An archaeological team excavating the Tuscan port town of Piombino hoping to find the remains of its patron saint has instead uncovered the skeletal remains of two 13th century women of questionable repute. Approximately 25-30 years old at time of death, they were both buried in the bare earth, without a coffin or even a shroud, very much against custom. Archaeologists are working against the clock, though. The cliff side is eroding faster than they can dig. There are bones visibly jutting out, to the delight of many a tourist taking a romantic walk on the beach, but they can’t be removed for fear that the entire promontory will crumble like a Jenga game.
L’Aquila University archaeologist Alfonso Forgione, the dig leader, notes that these burials are unique in his experience. Not only are they strangely bare and contain those odd accouterments, but they are also in consecrated ground. There’s a chapel on the grounds purportedly marking the burial spot of Saint Cerbonius, the sixth century A .D. bishop and patron saint of Piombino. The team was looking for the saint’s burial and for the remains of a medieval cathedral that was once dedicated to him when they found the ladies. If the women were social outcasts, one of them demonic, the other degenerate, neither of them worthy of a decent burial, how come they got to go to their eternal rest in a cathedral cemetery next to a saint?

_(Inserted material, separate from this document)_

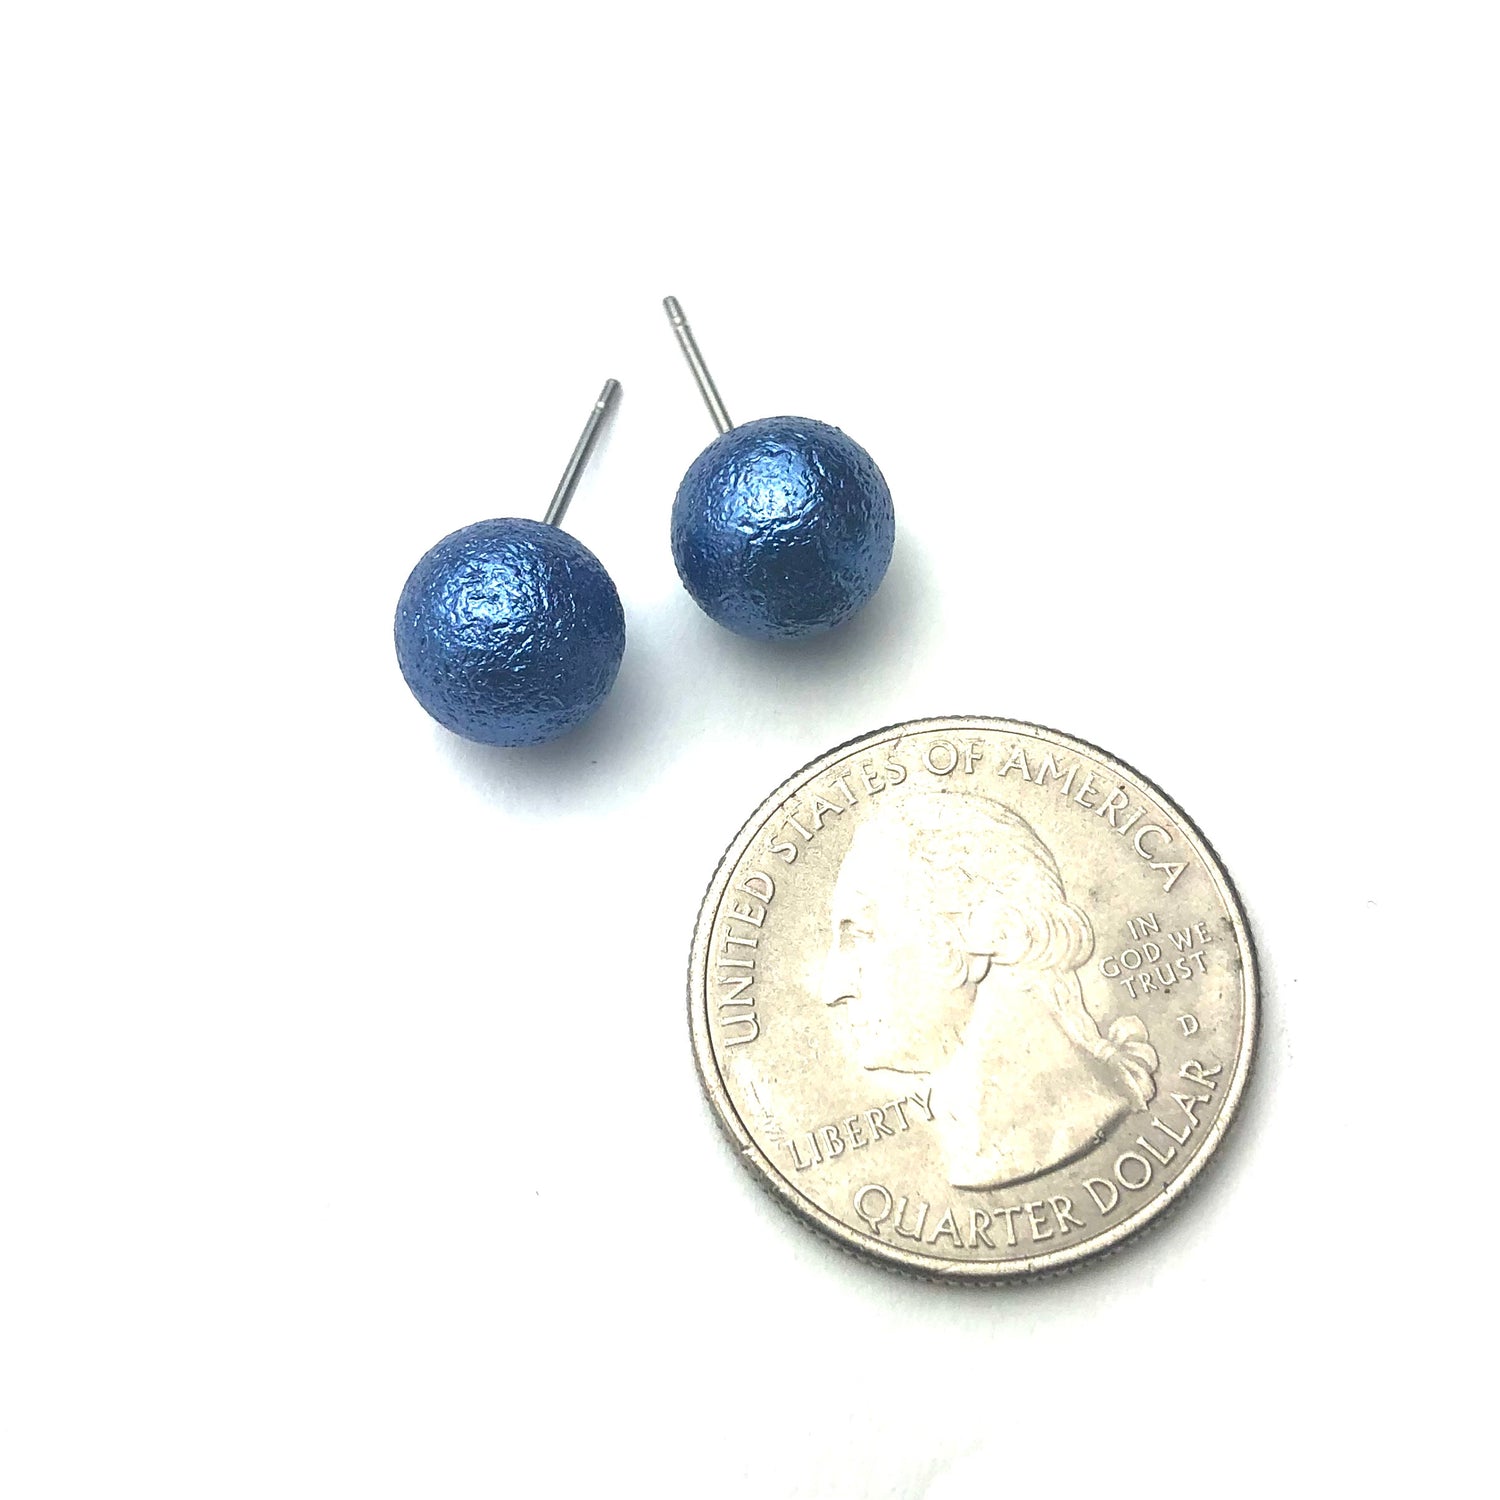 Midnight Blue Pitted Lucite Large Ball Stud Earrings

Forgione speculates that they may have had the advantage of powerful friends and families surviving them who arranged for them to have at least a chance at heaven by ensuring their bodies were placed in consecrated ground.
The excavation will continue through the end of the month. They have already found 350 burials in four eight-by-ten meter (26 by 33 feet) sites on each side of the chapel, and there are strong indications that the cemetery goes on for another 65 feet inland and another 33 feet or so towards the sea. Such a large, well-populated cemetery indicates that little Piombino, he only known Etruscan port city, remained a thriving town through the Middle Ages.